Overseas foreign employment – Filipinos’ pwede-na-yan solution to poverty

I read recently that our honourable presidential candidates are now scrambling to pander to the so-called “heroes” of the flaccid Philippine economy — our overseas foreign workers (OFWs). Various quaint ideas are being thrown around — a provident fund for OFWs, free repatriation services for OFWs in legal binds overseas, and some nebulously-worded measures to ensure “deployment” of OFWs are subject to minimum wage criteria. Sounds good on campaign slogans, don’t they? Trouble is, like many initiatives and “solutions” formulated and approached in that characteristically myopic way that Filipinos do, the usual systemic issues that give rise to OFW-ism to begin with are not addressed.

These systemic issues can be appreciated by considering this simple question:

[The following text was originally-published as "The folly of economic dependence on foreign employment" onGetRealPhilippines.com, 31 January 2003]

Which does more damage to a child during his/her formative years, the lack of cash or the non-presence of one or even both parents because he/she or they are working overseas?

Every example of the humblest of Filipinos being able to extricate themselves from poverty by sheer hard work and discipline within our islands highlights the folly and destructiveness of our easy-way-out approach to national development by lionising OFWs as “heroes”. Let’s not forget that the ancestors of most Filipino Chinese were third class citizens when they first came yet managed to make a life for themselves in the same dysfunctional environment.

Sure.
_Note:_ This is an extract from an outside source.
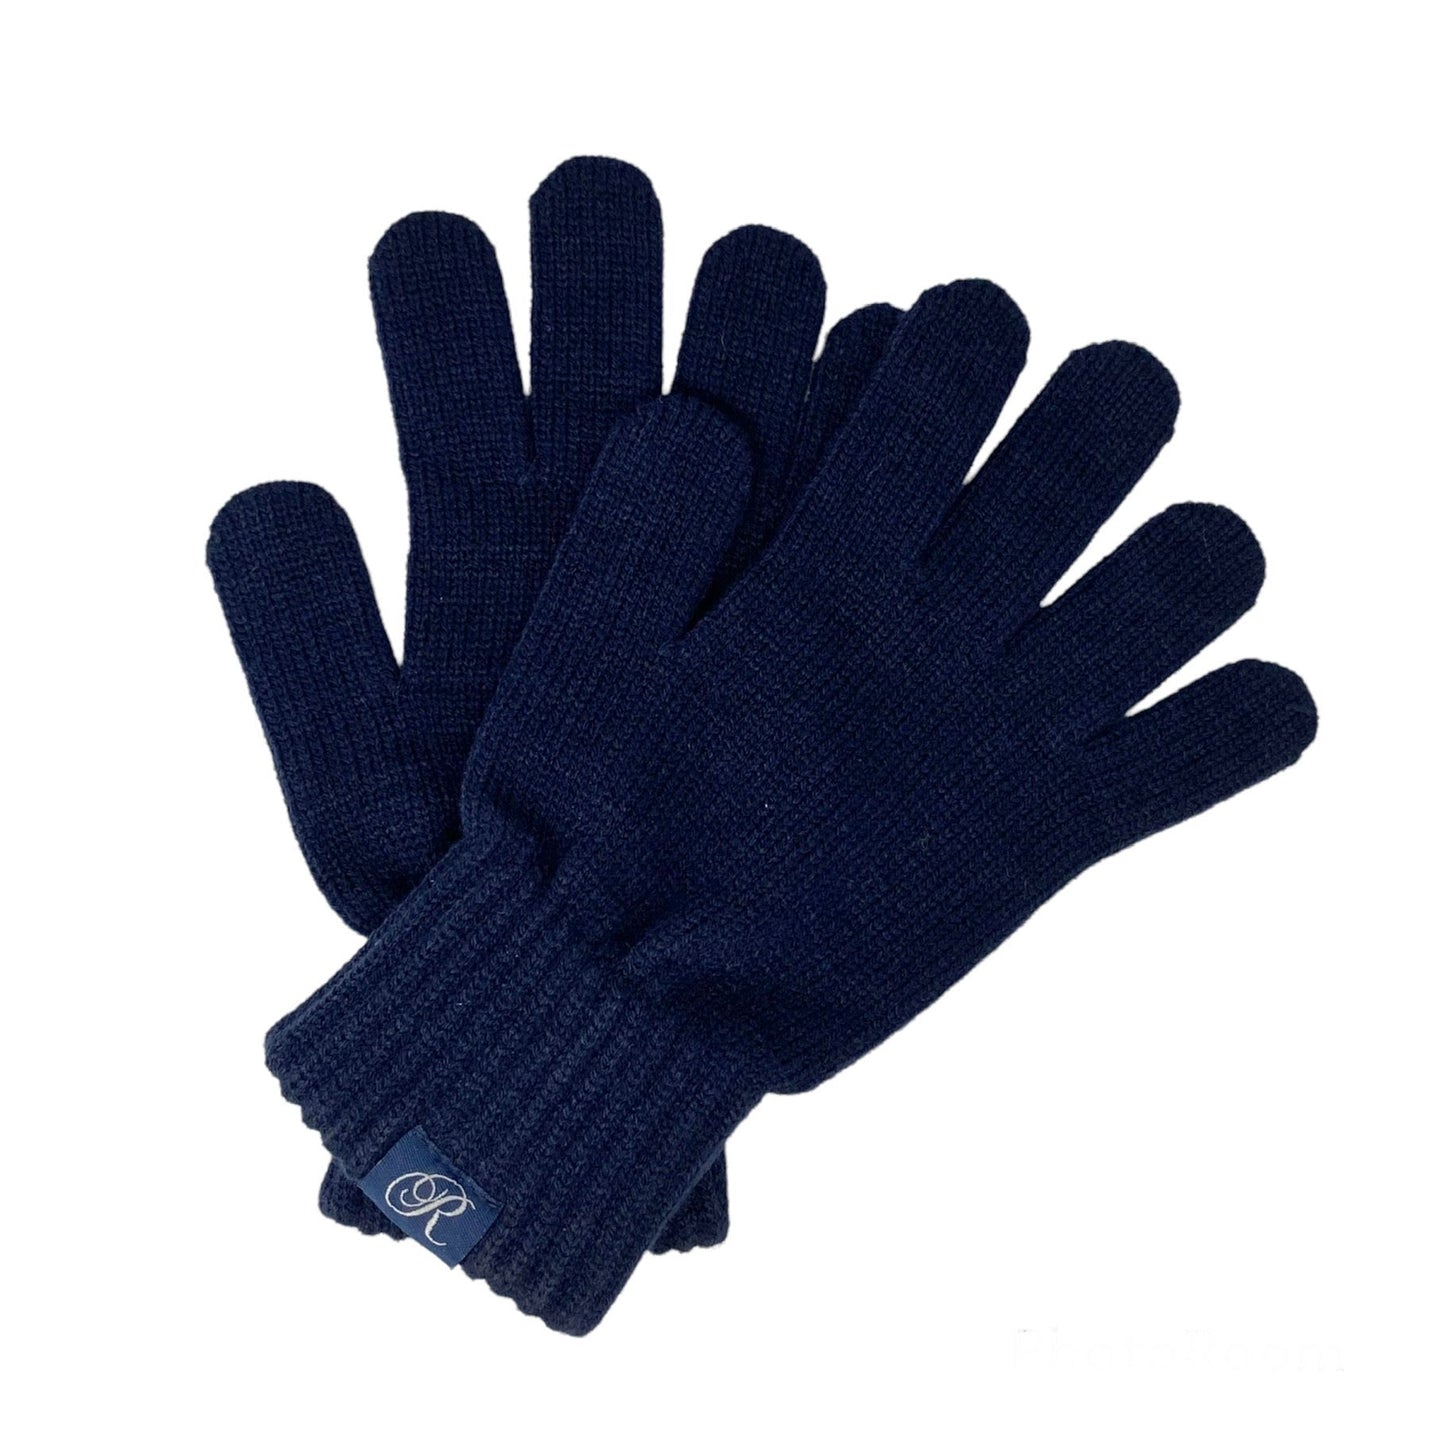 Featured Navy R Gloves

Going off to a foreign land to earn cash to provide for one’s family back home is what any “responsible parent” would do.

Or is it?

Where and when exactly does “responsible parenting” start? Does it start when one already has four kids to feed, clothe, and educate? Or does it start when one first considers having them? It seems Filipinos have forgotten or choose to ignore the latter aspect of being a “responsible parent”.

Having children, then suddenly finding ourselves unable to provide for them is irresponsible. Seeking foreign employment at the expense of sound parenting and labeling it as heroism white-washes this collective irresponsibility and further adds to the counts of this irresponsibility.
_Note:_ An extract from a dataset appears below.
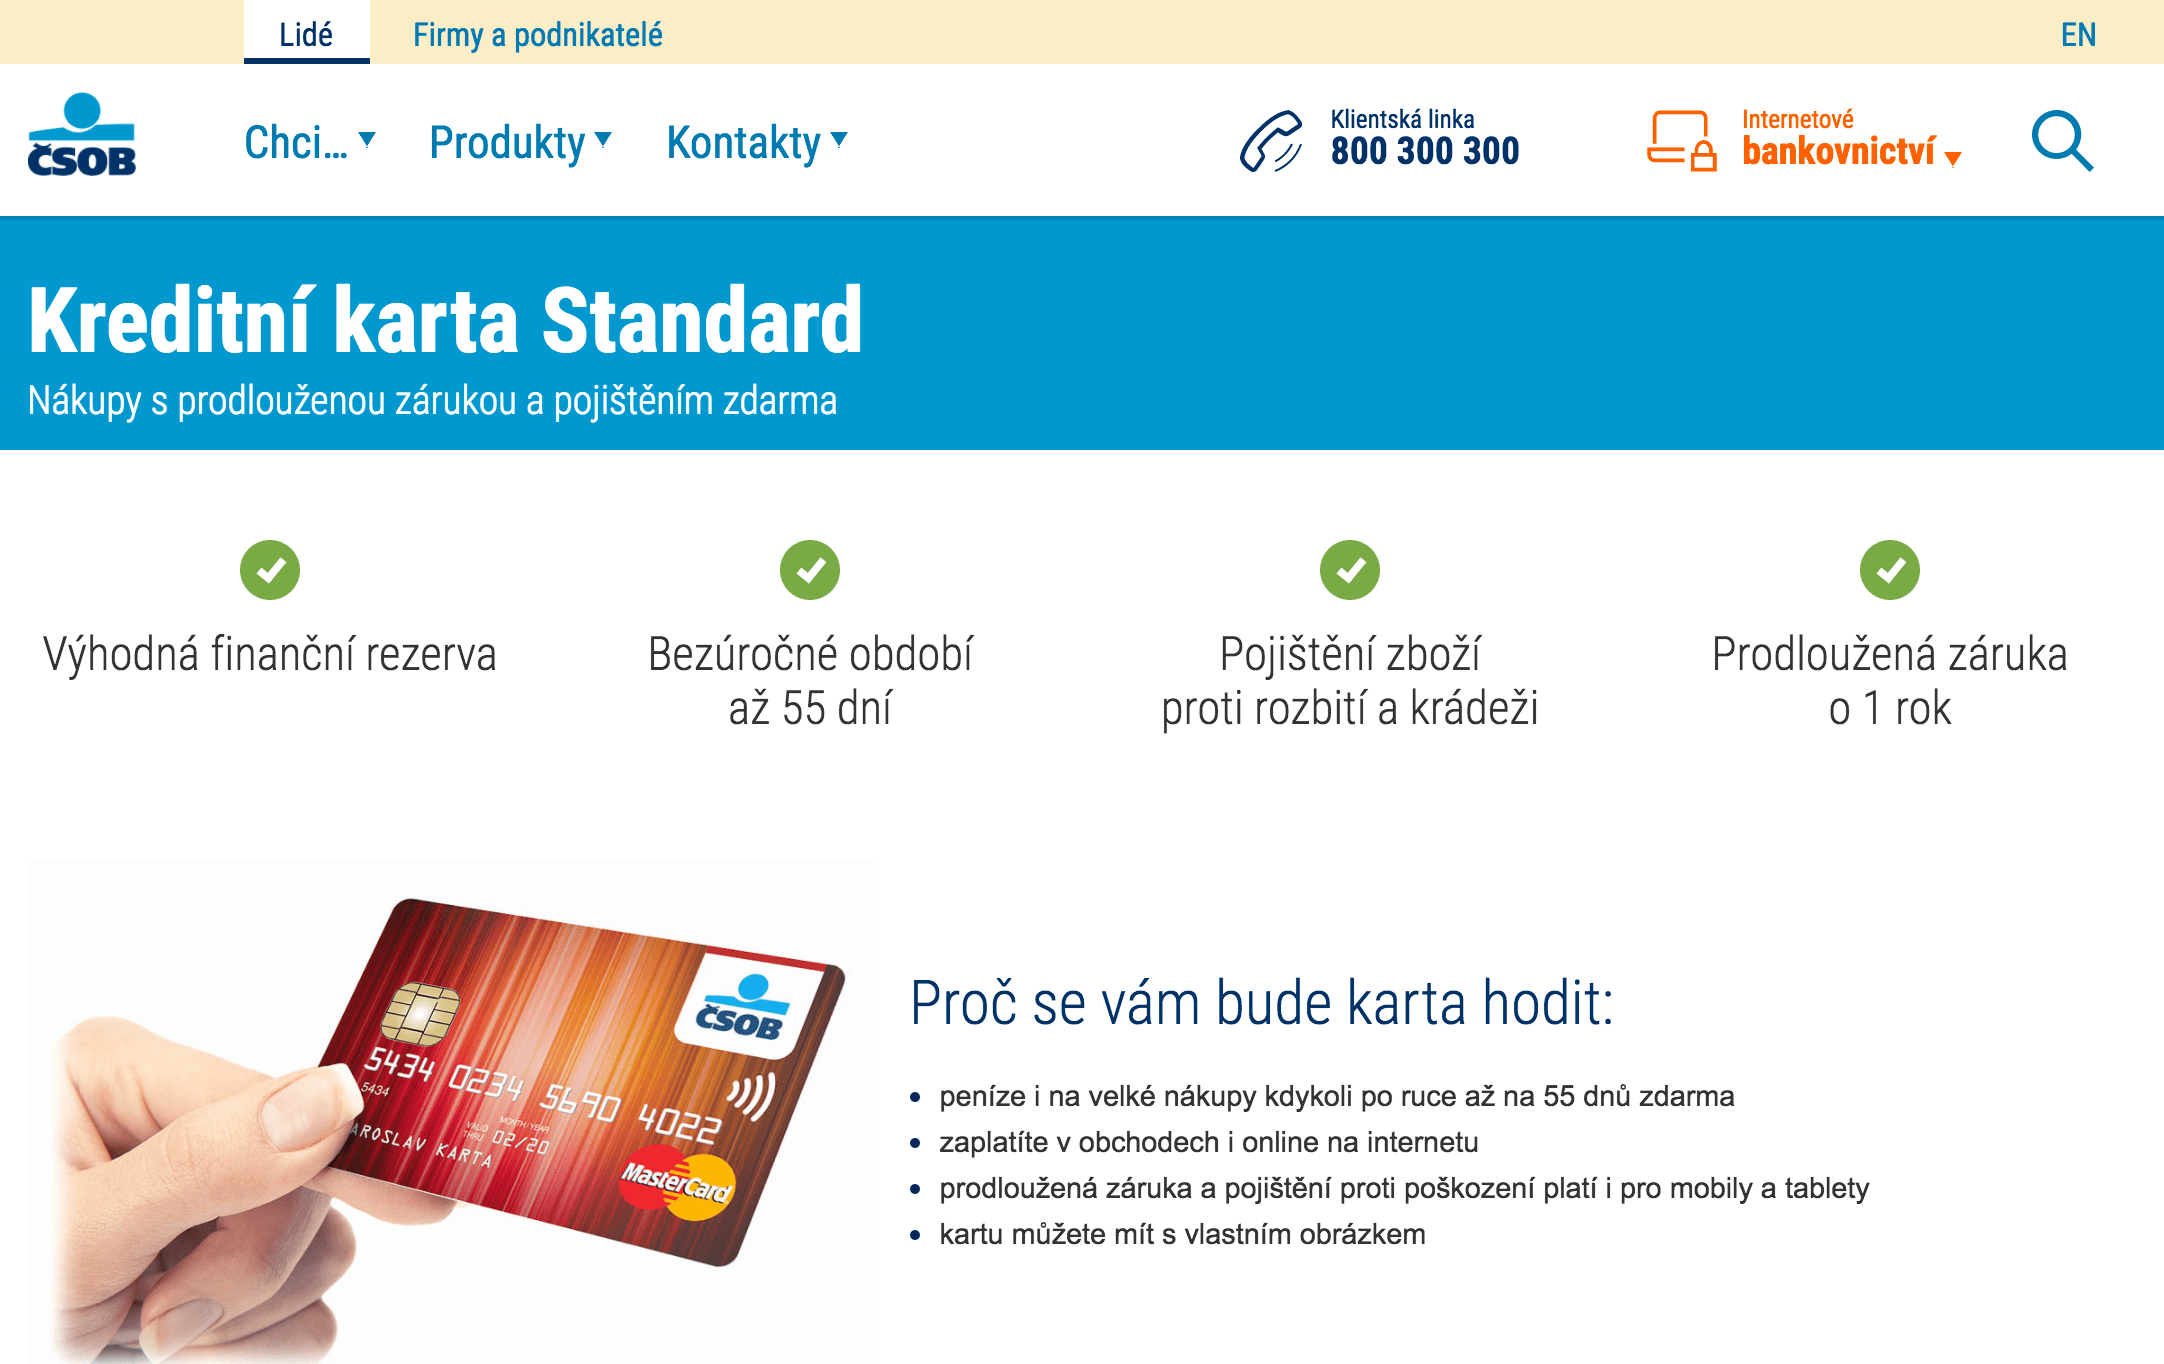 Kreditní karta Standard od ČSOB zkušenosti a diskuze

It is irresponsible for one to produce offspring without considering one’s long-term ability to provide for them materially as well as emotionally and spiritually. Foreign employment and abortion are sometimes the results of this lack of planning. Leaving one’s young children to seek employment overseas is different from abortion in only one aspect: with abortion, the social problem ends right there and then; with foreign employment involving young children, the problems just begin. OFWs who “sacrifice” family life and the people who lionise them as “heroes” forget that these absentee-parents are turning loose unto an already dysfunctional society a whole generation of absentee-parented youth. Their “sacrifice” is our society’s sacrifice as well in terms of the burden of absorbing this absentee-parented generation. The absentee-parented generation will be no improvement over a generation that already failed dismally at collectively building a strong state.
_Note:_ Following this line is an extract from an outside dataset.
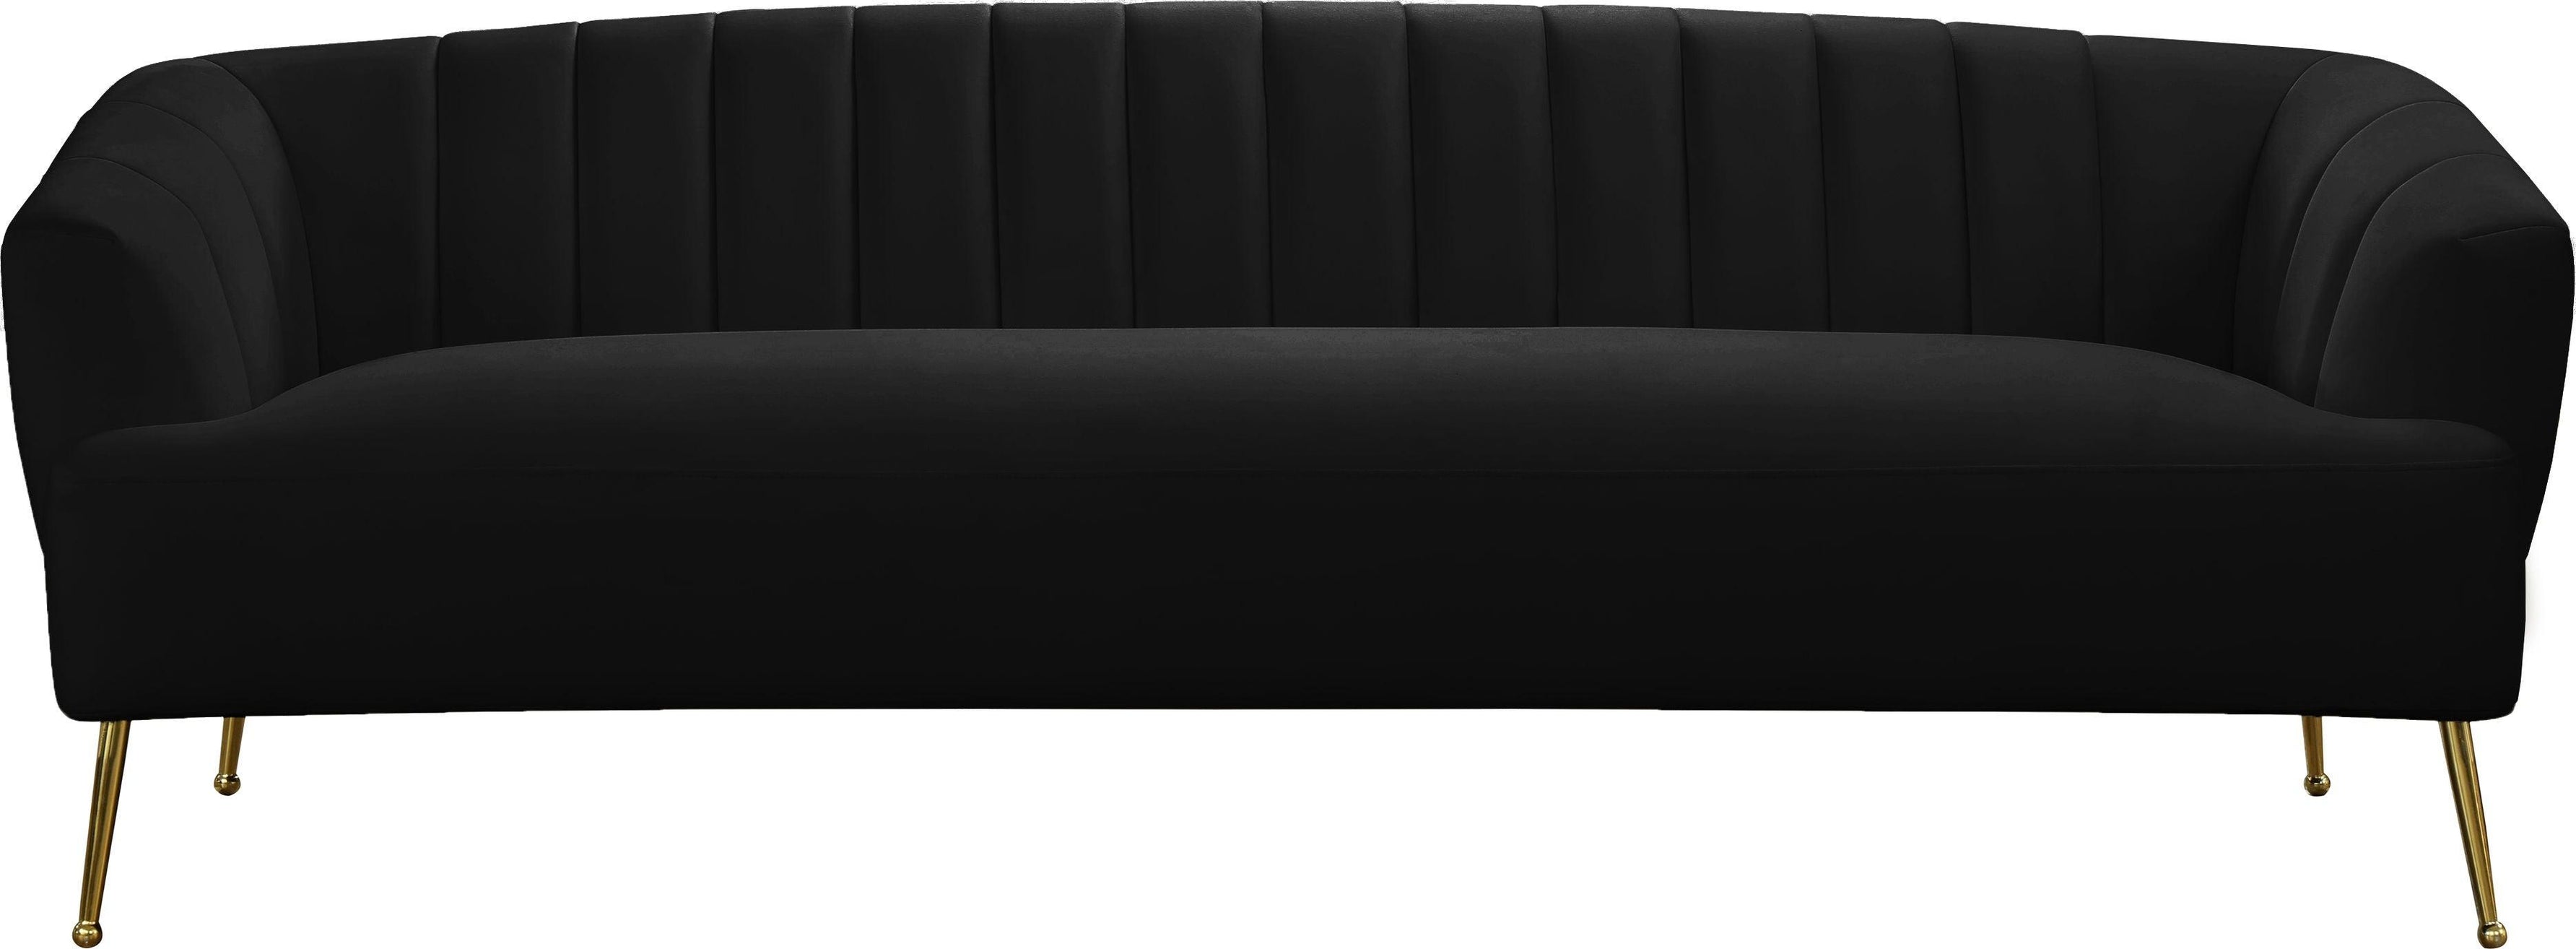 Meridian Furniture - Tori - Sofa - 5th Avenue Furniture

Foreign employment should therefore be treated as the temporary solution that it is and should not be institutionalised as a key economic activity. Our dependence on foreign employment should be put in its proper perspective in the context of the following principles:

(1) Parents are responsible for the physical, intellectual, and emotional health of their children. This responsibility can befully fulfilled only by said parents’ being present during their children’s formative years.

(2) Every child not raised optimally presents itself as a cost to society in varying degrees (depending on the extent of its parent/s shortfall in fulfilling their parental responsibilities). The cost may range from, say, wasted public education funds all the way to law enforcement costs resulting from the criminal activities of the truly damaged ones.

(3) OFWs with young children living in the Philippines are not present during their children’s formative years and are less likely to fulfill their responsibilities as parents beyond provision of material needs.

(4) Responsible parenting begins with ensuring one’s capability to assume full long-term responsibility for raising children hands-on before one actually has them.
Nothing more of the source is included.